» **Exercise instructions**: Reproduce precisely the lines of the material below from the line containing "MG6 XPOWER动力曝光 搭高性能插混系统/6秒破百" up to and including its last line. Pictures must not be copied.
::: Supplied material
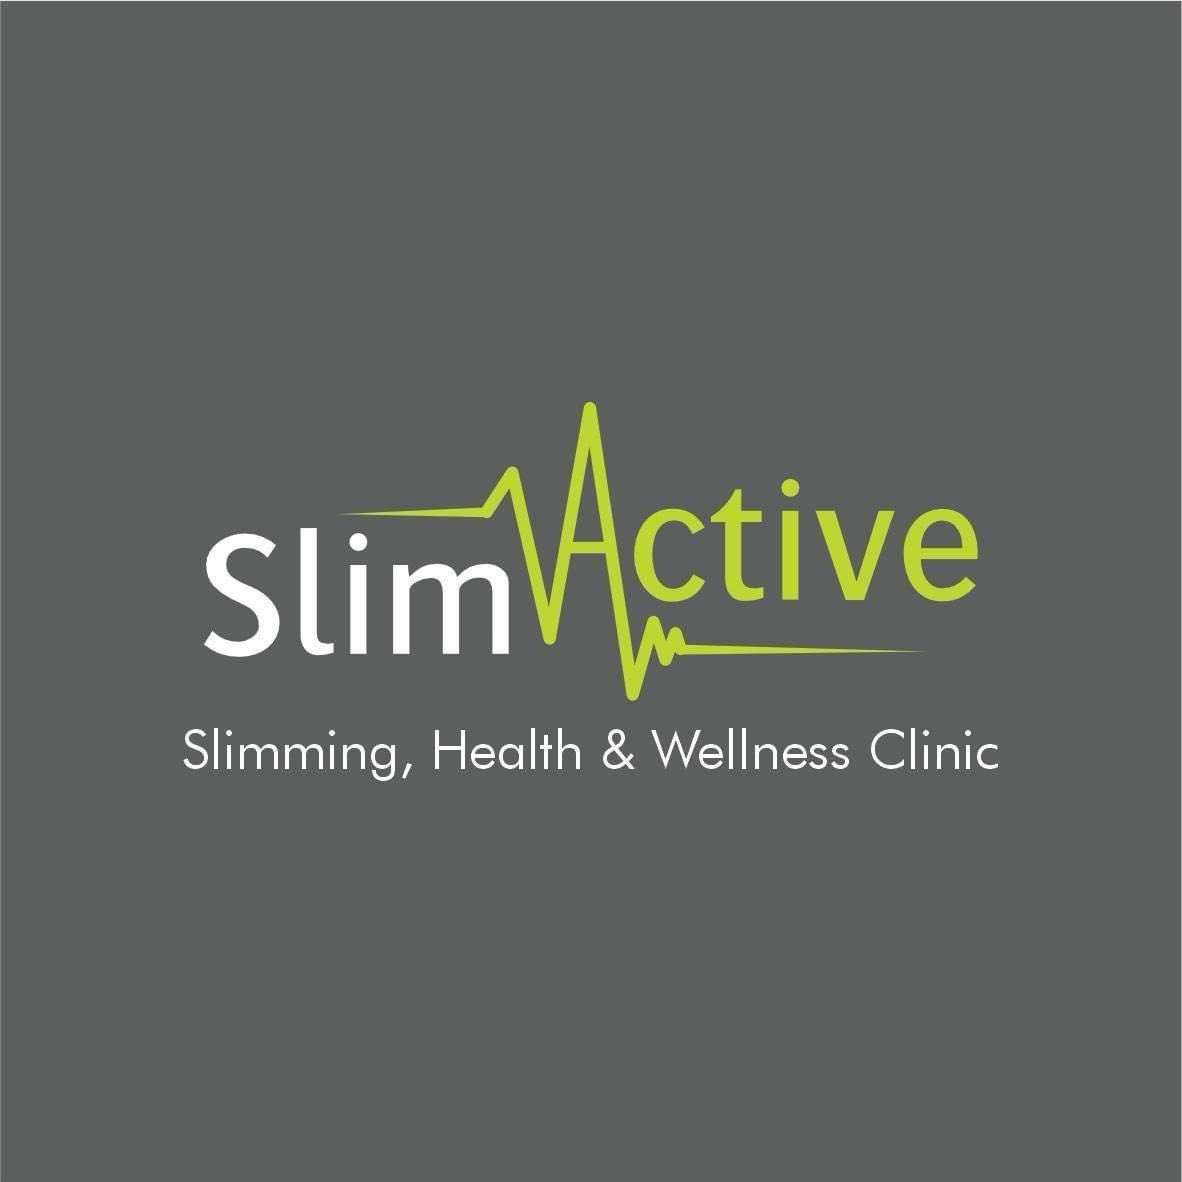 Slim Active - Slimming, Health & Wellness, 384 Lois Ave, Waterkloof Glen, 0181, Pretoria
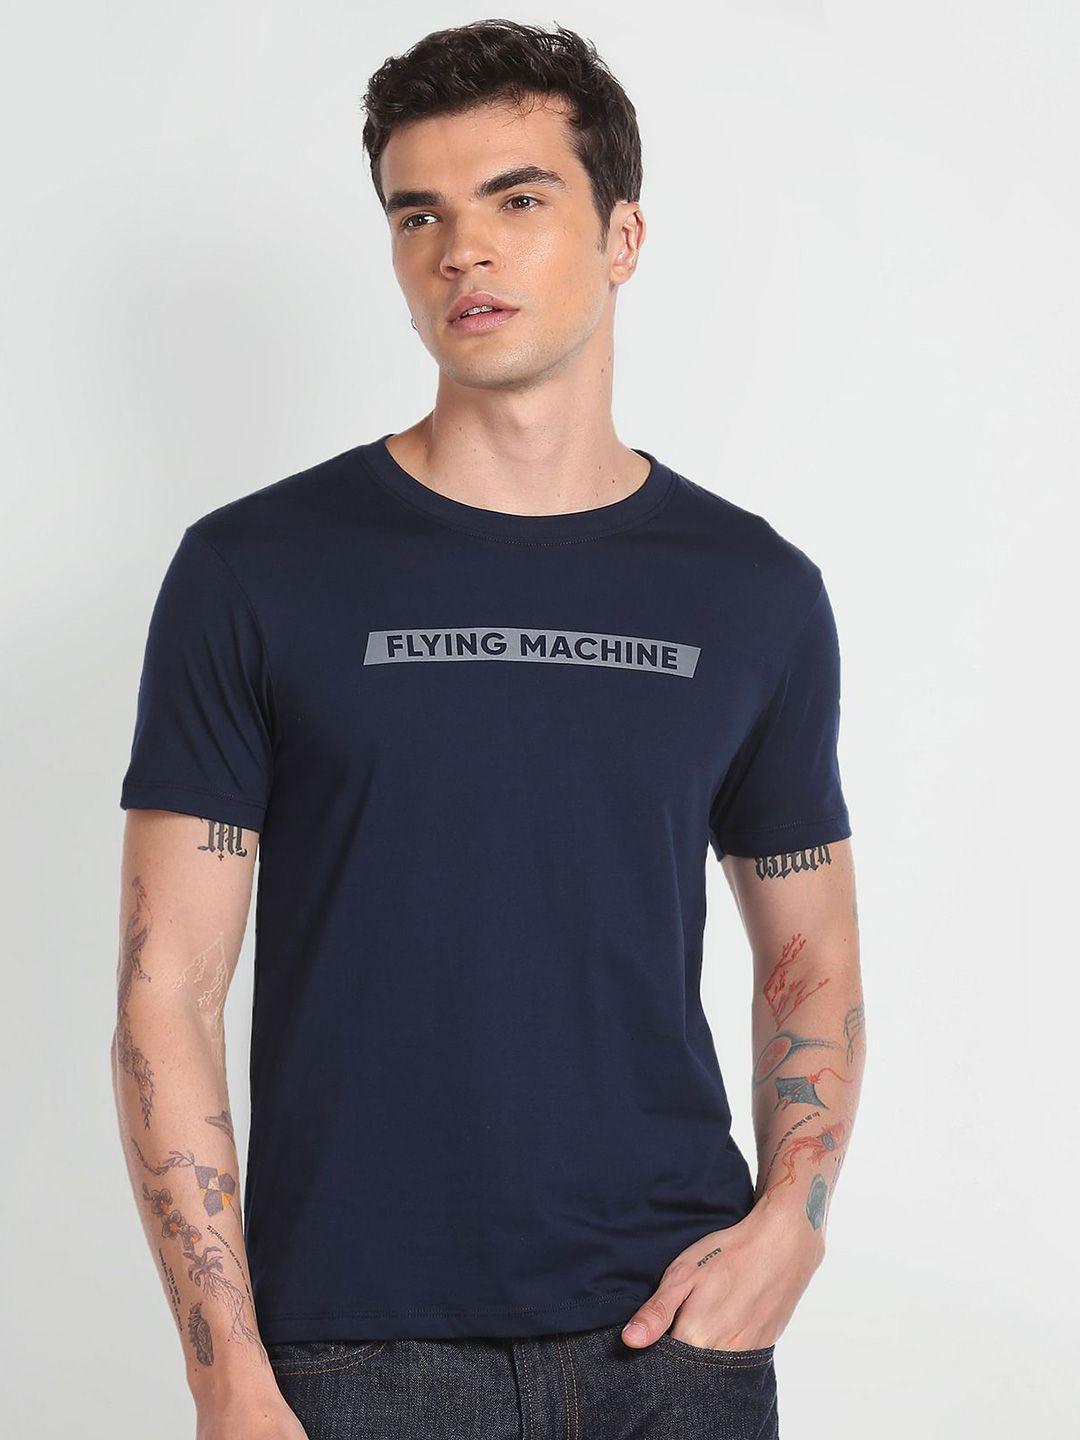 flying-machine-typography-printed-short-sleeves-slim-fit-t-shirt
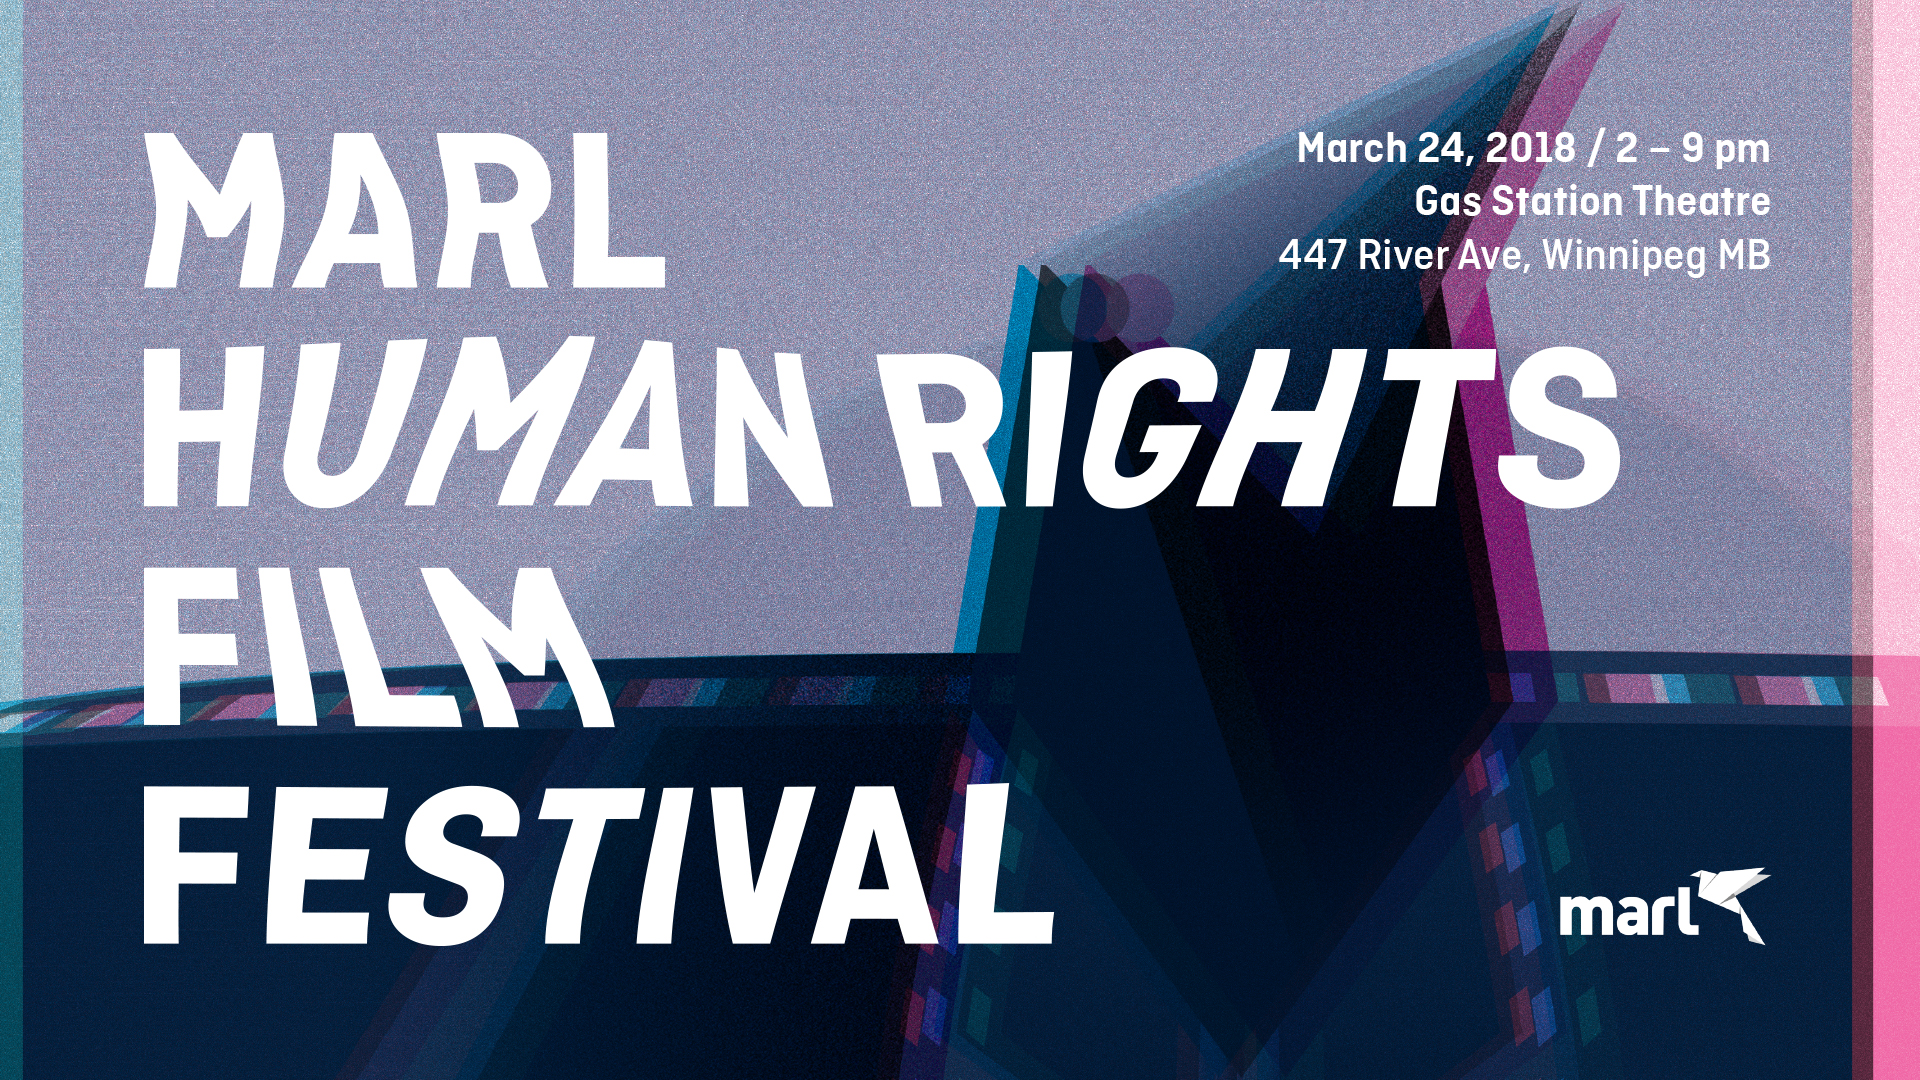 MARL Human Rights Film Fest Poster
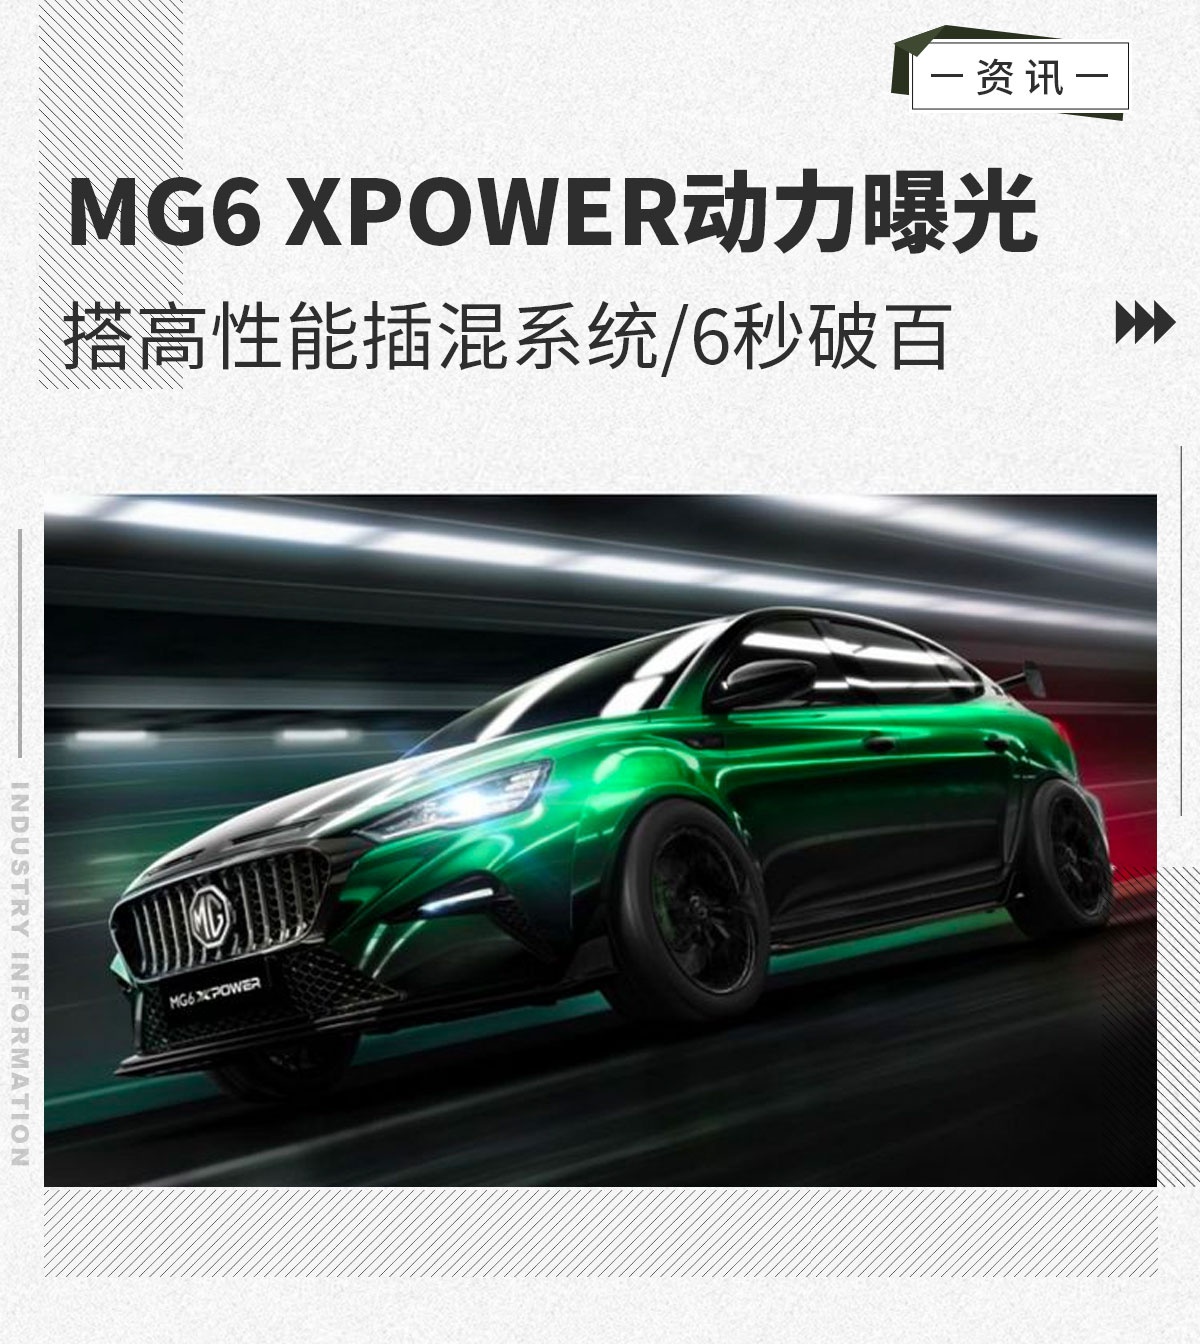 MG6 XPOWER动力曝光 搭高性能插混系统/6秒破百
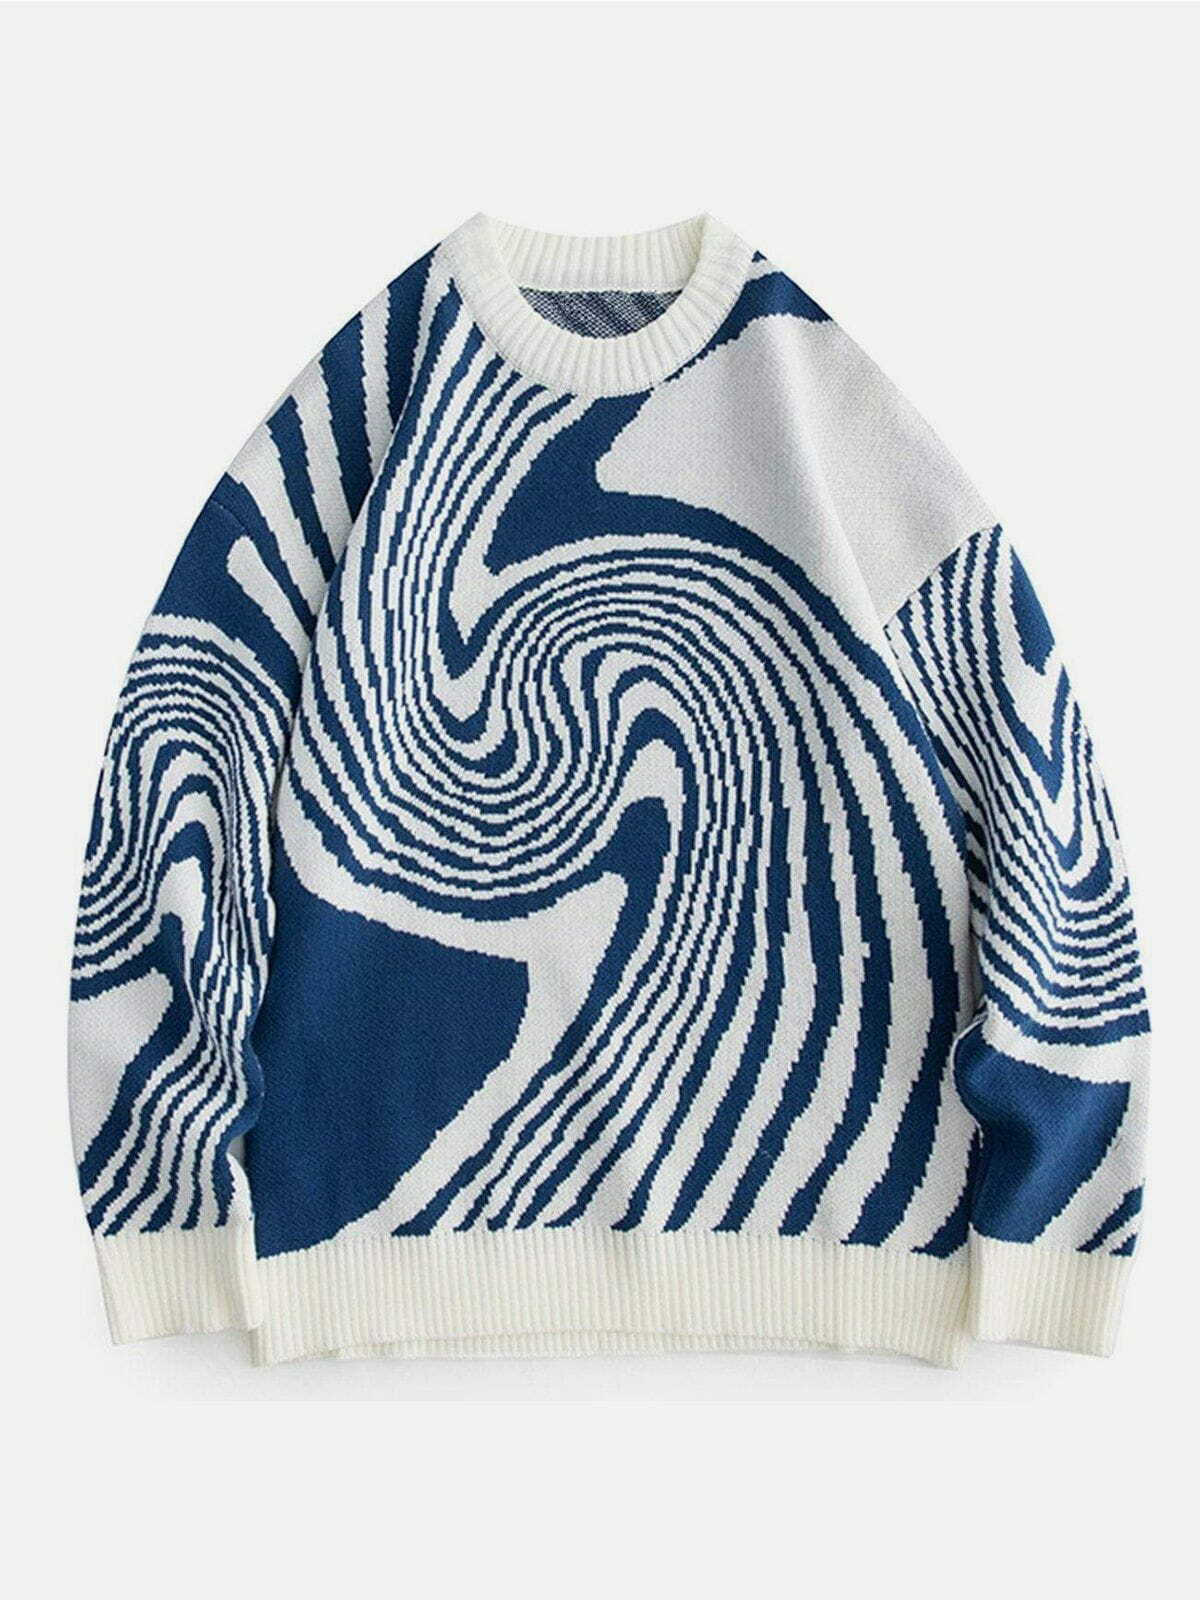 whirlpool knit sweater edgy y2k streetwear essential 1730
::::::
» **Task output**:
 MG6 XPOWER动力曝光 搭高性能插混系统/6秒破百
 whirlpool knit sweater edgy y2k streetwear essential 1730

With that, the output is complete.